◆ Data:
- - -

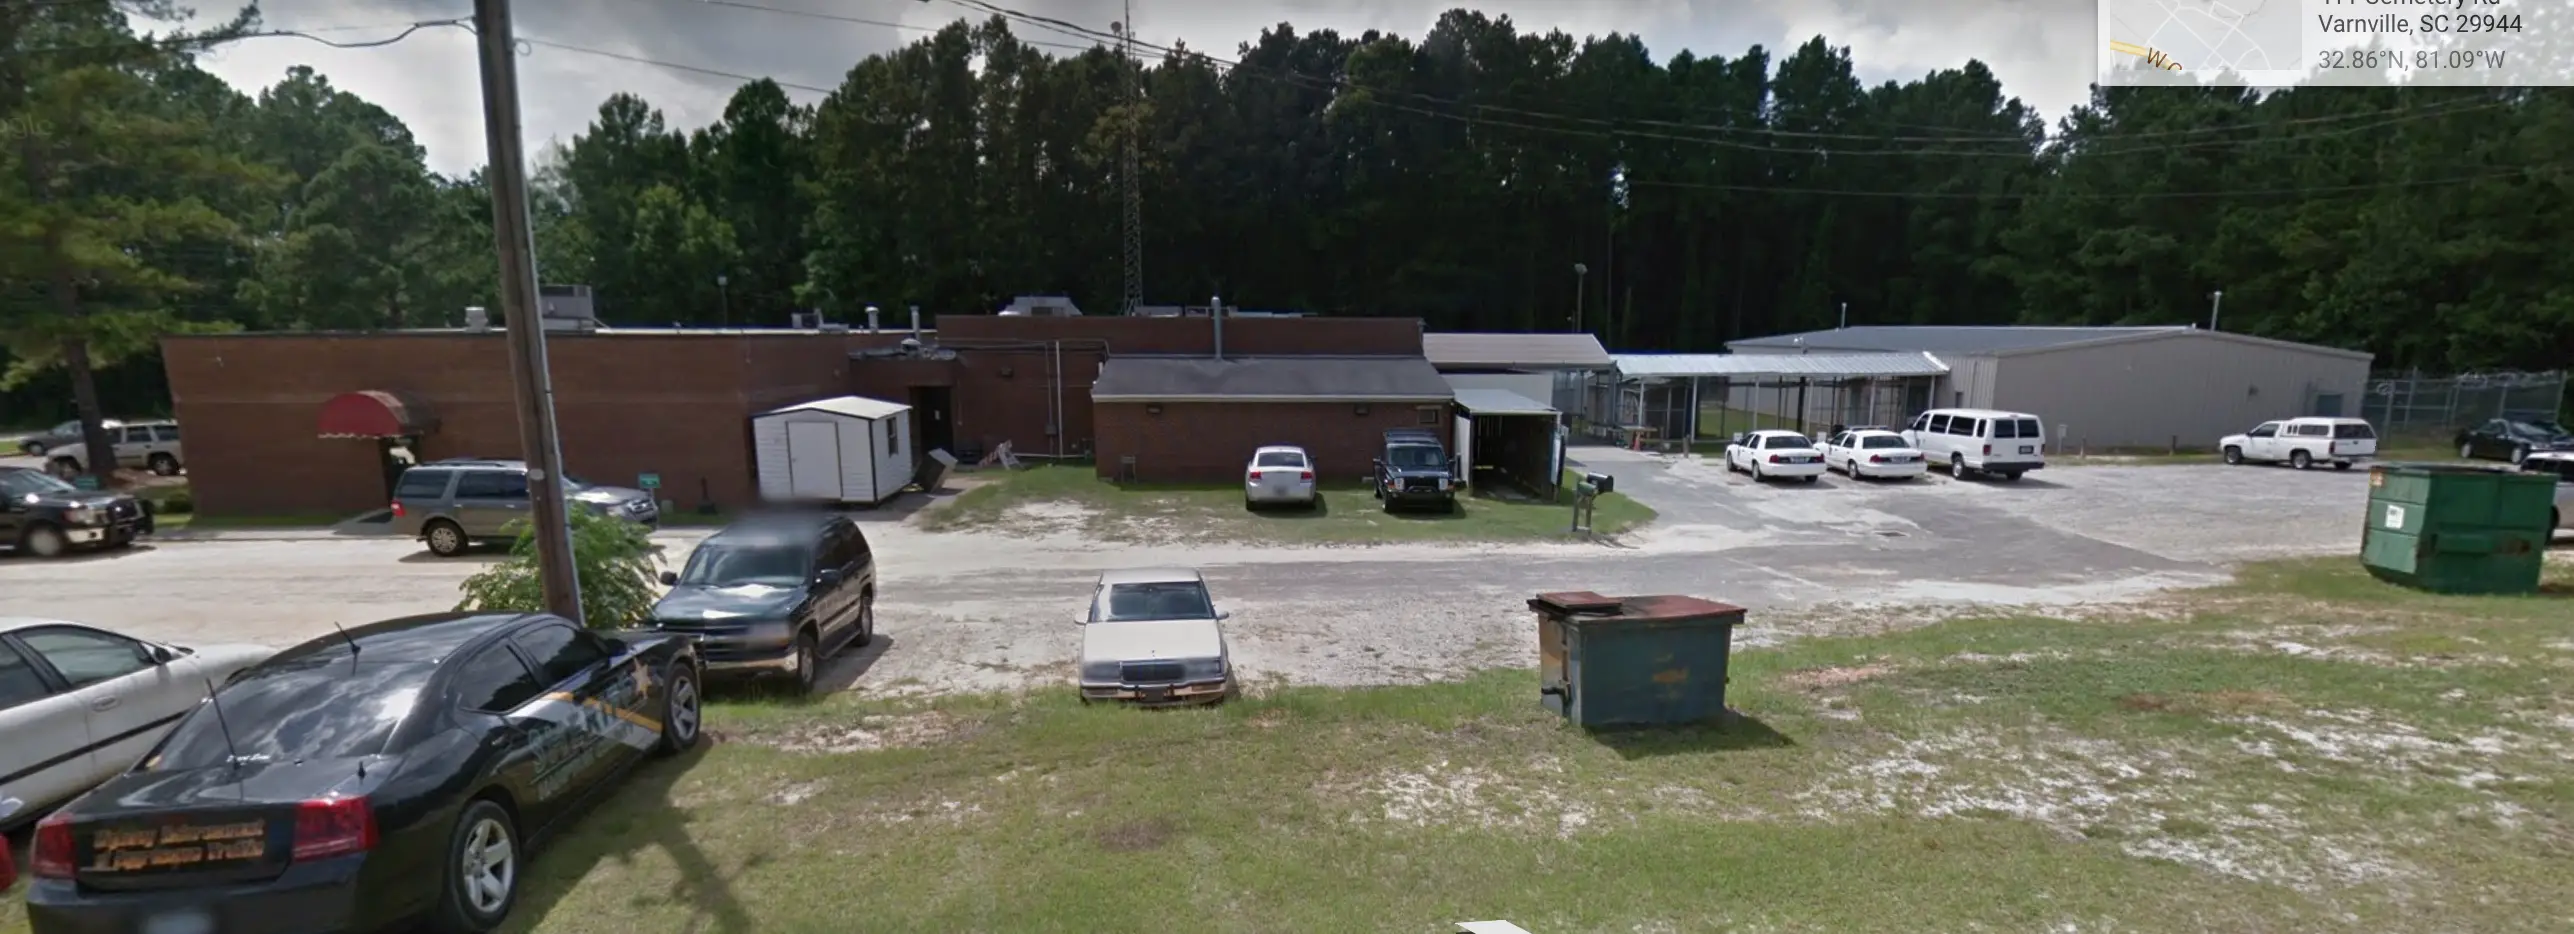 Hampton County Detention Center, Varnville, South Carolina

- - -

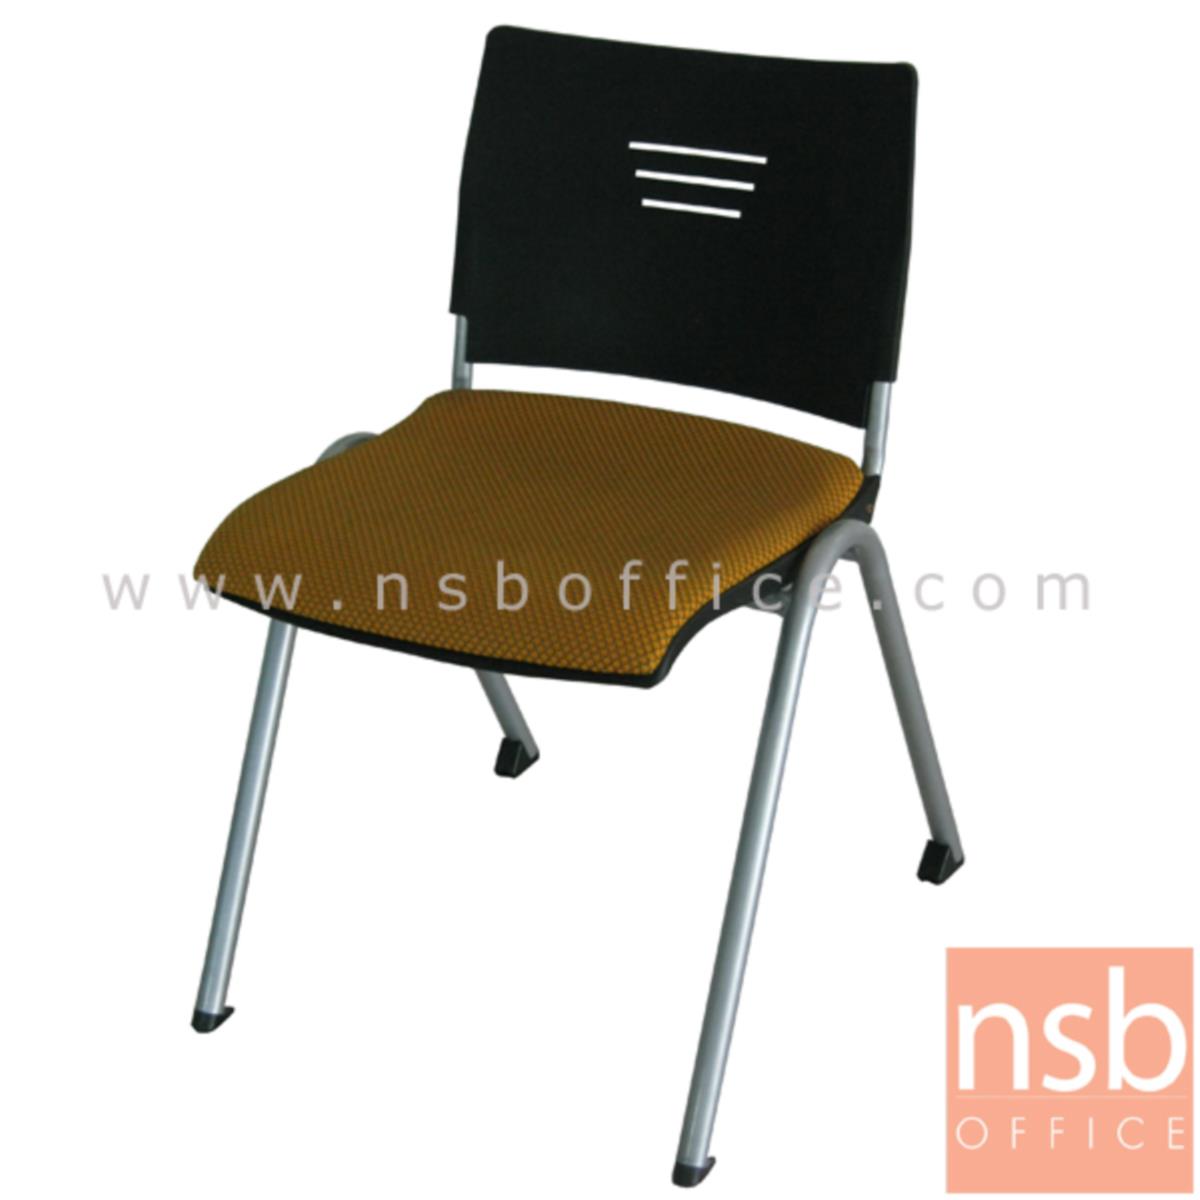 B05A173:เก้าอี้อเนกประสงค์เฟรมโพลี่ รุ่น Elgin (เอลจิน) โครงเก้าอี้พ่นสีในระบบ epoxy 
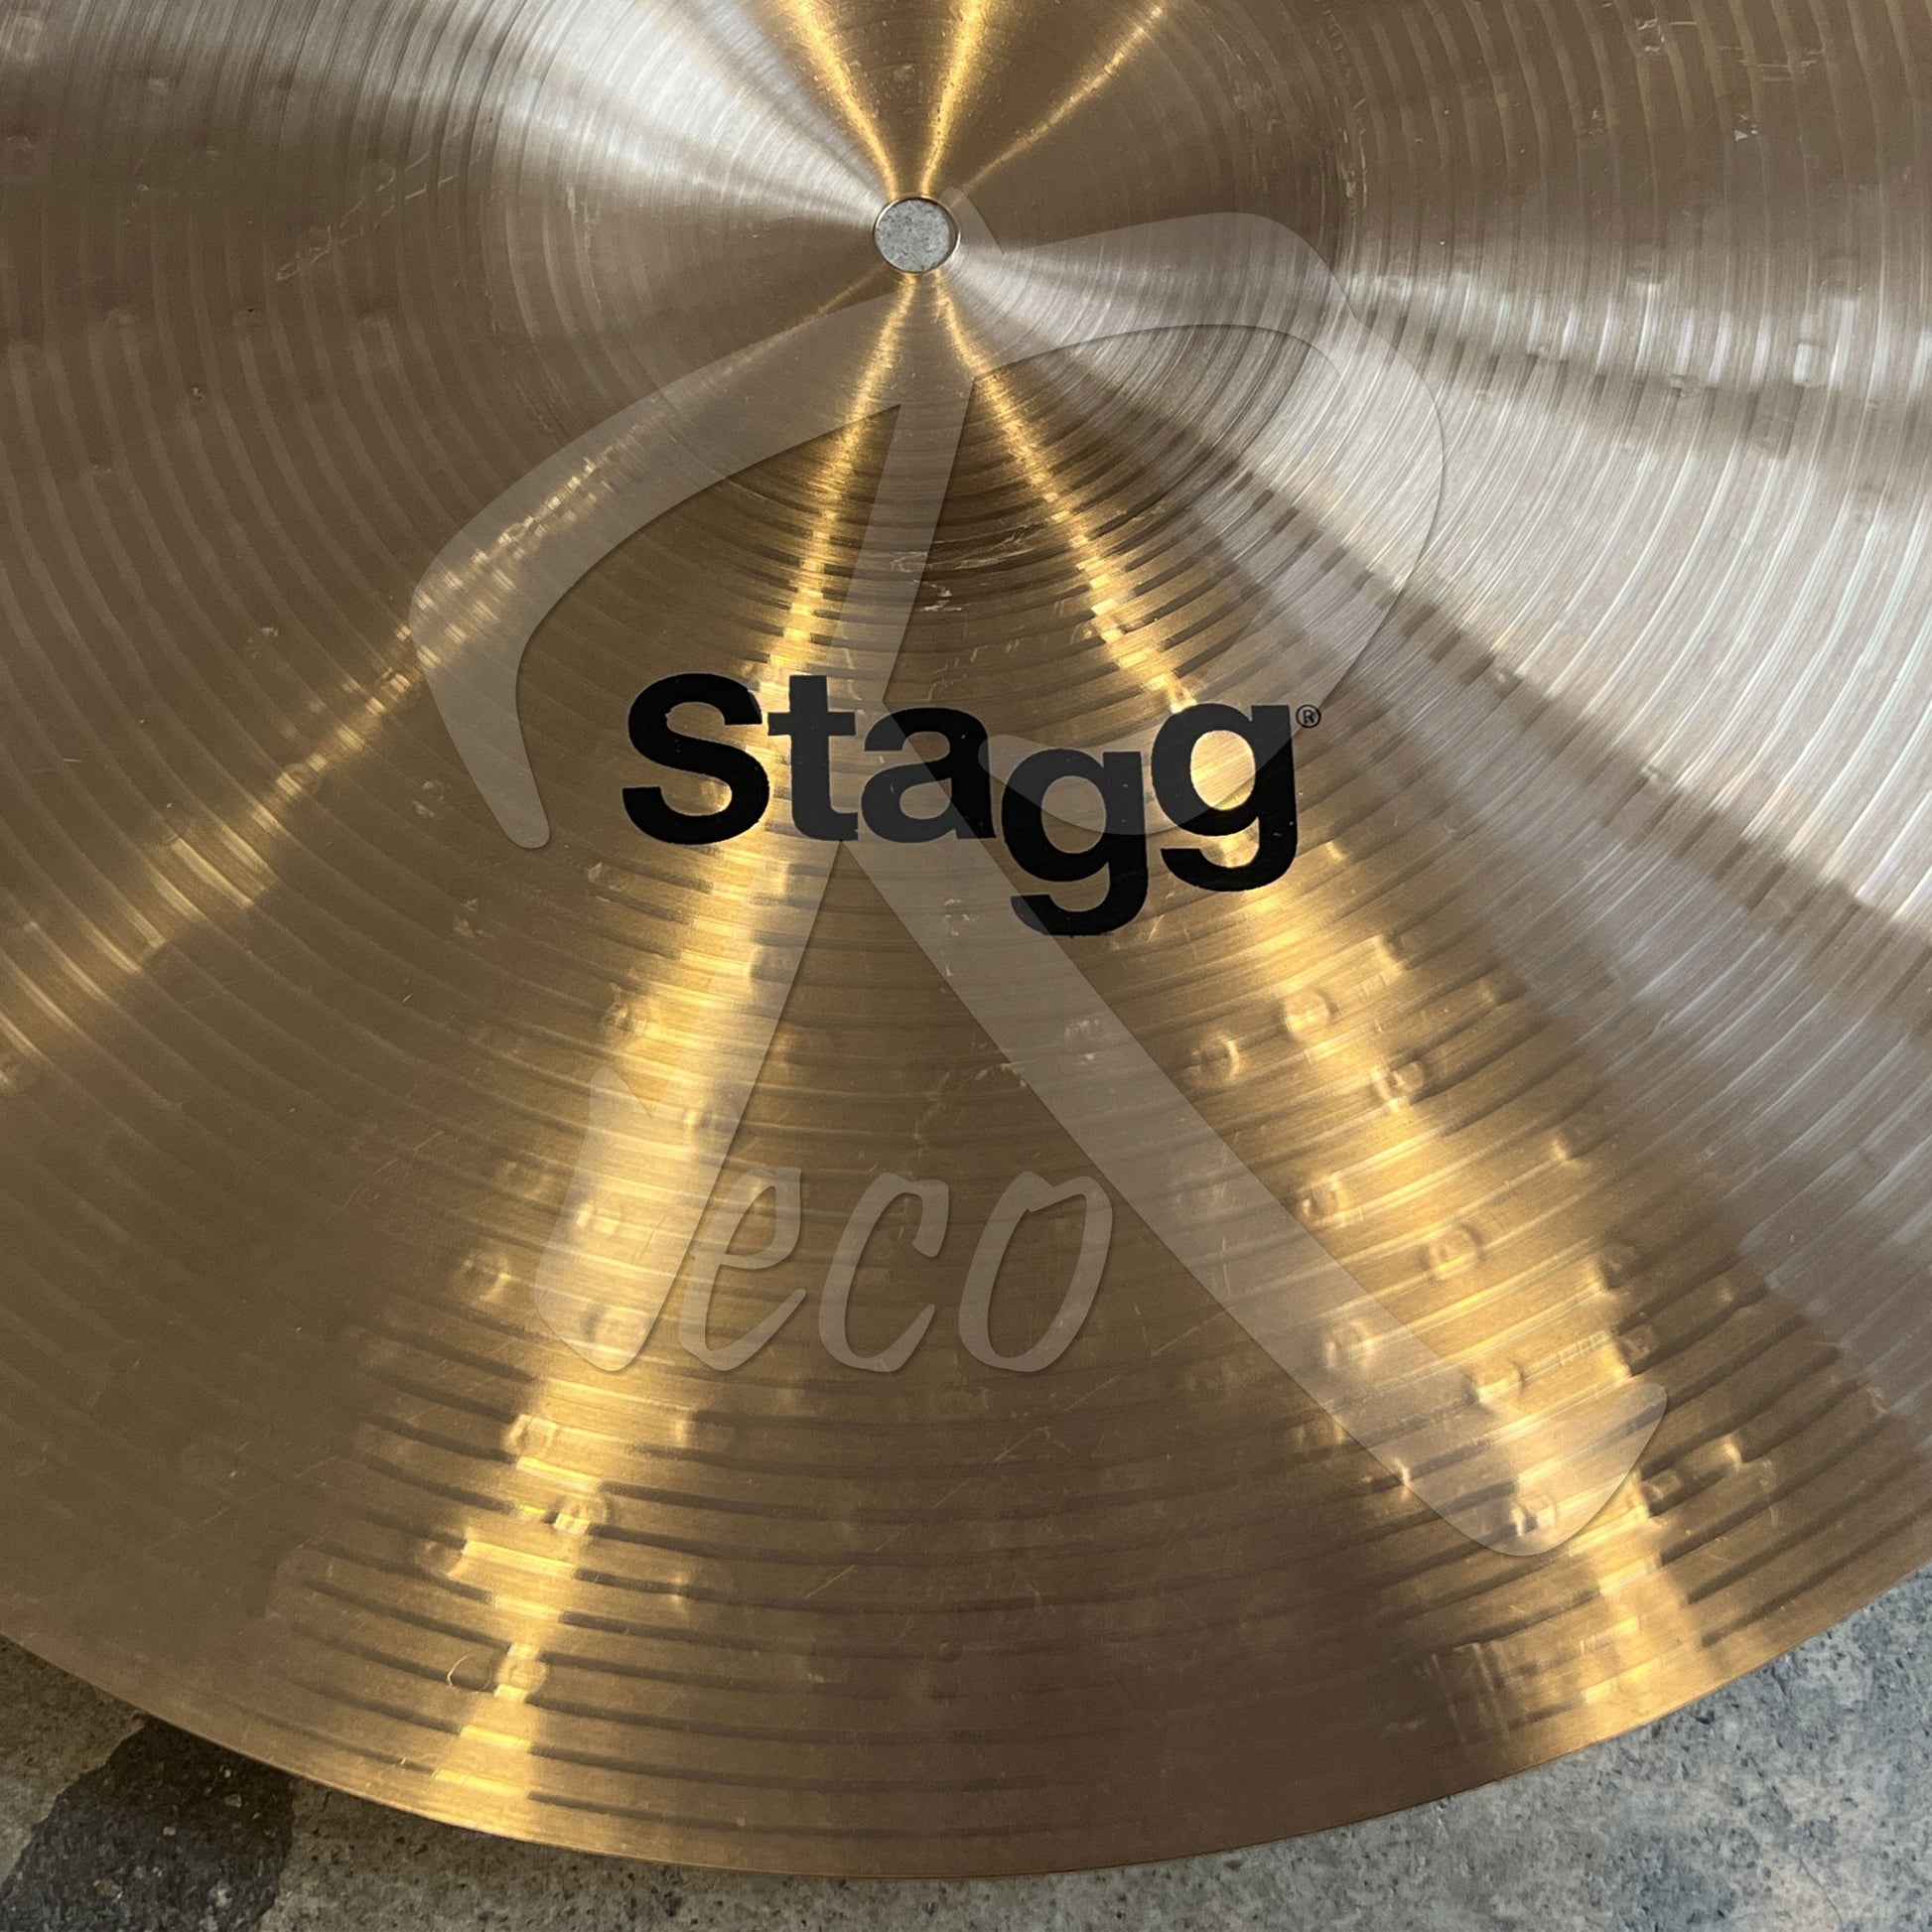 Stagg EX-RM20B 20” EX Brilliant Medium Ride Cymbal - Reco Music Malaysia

- - -

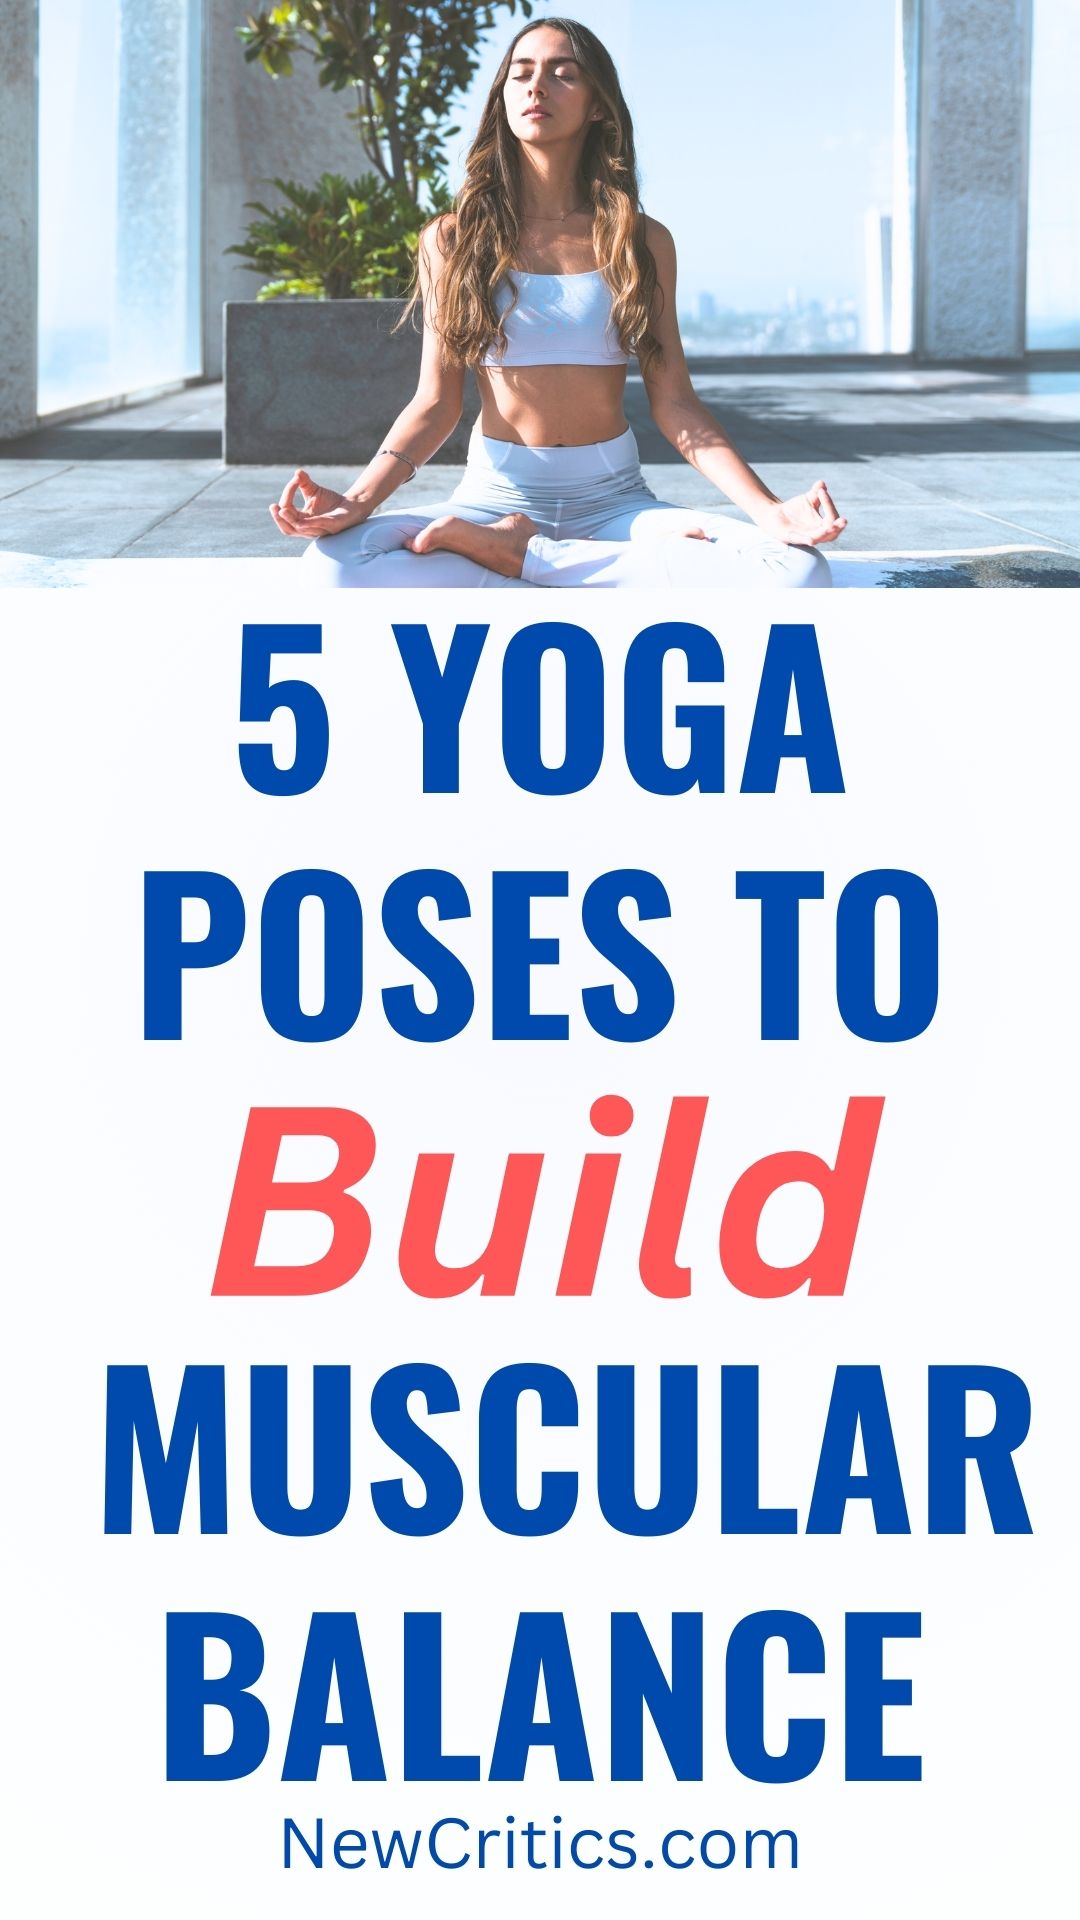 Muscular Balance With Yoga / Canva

- - -

◆ Description of the task: Please copy the lines above exactly, starting at the line that holds "B05A173:เก้าอี้อเนกประสงค์เฟรมโพลี่ รุ่น Elgin" and ending at the line that holds "Reco Music Malaysia"; include both, but no pictures.

◆ Your solution:
 B05A173:เก้าอี้อเนกประสงค์เฟรมโพลี่ รุ่น Elgin (เอลจิน) โครงเก้าอี้พ่นสีในระบบ epoxy 
 Stagg EX-RM20B 20” EX Brilliant Medium Ride Cymbal - Reco Music Malaysia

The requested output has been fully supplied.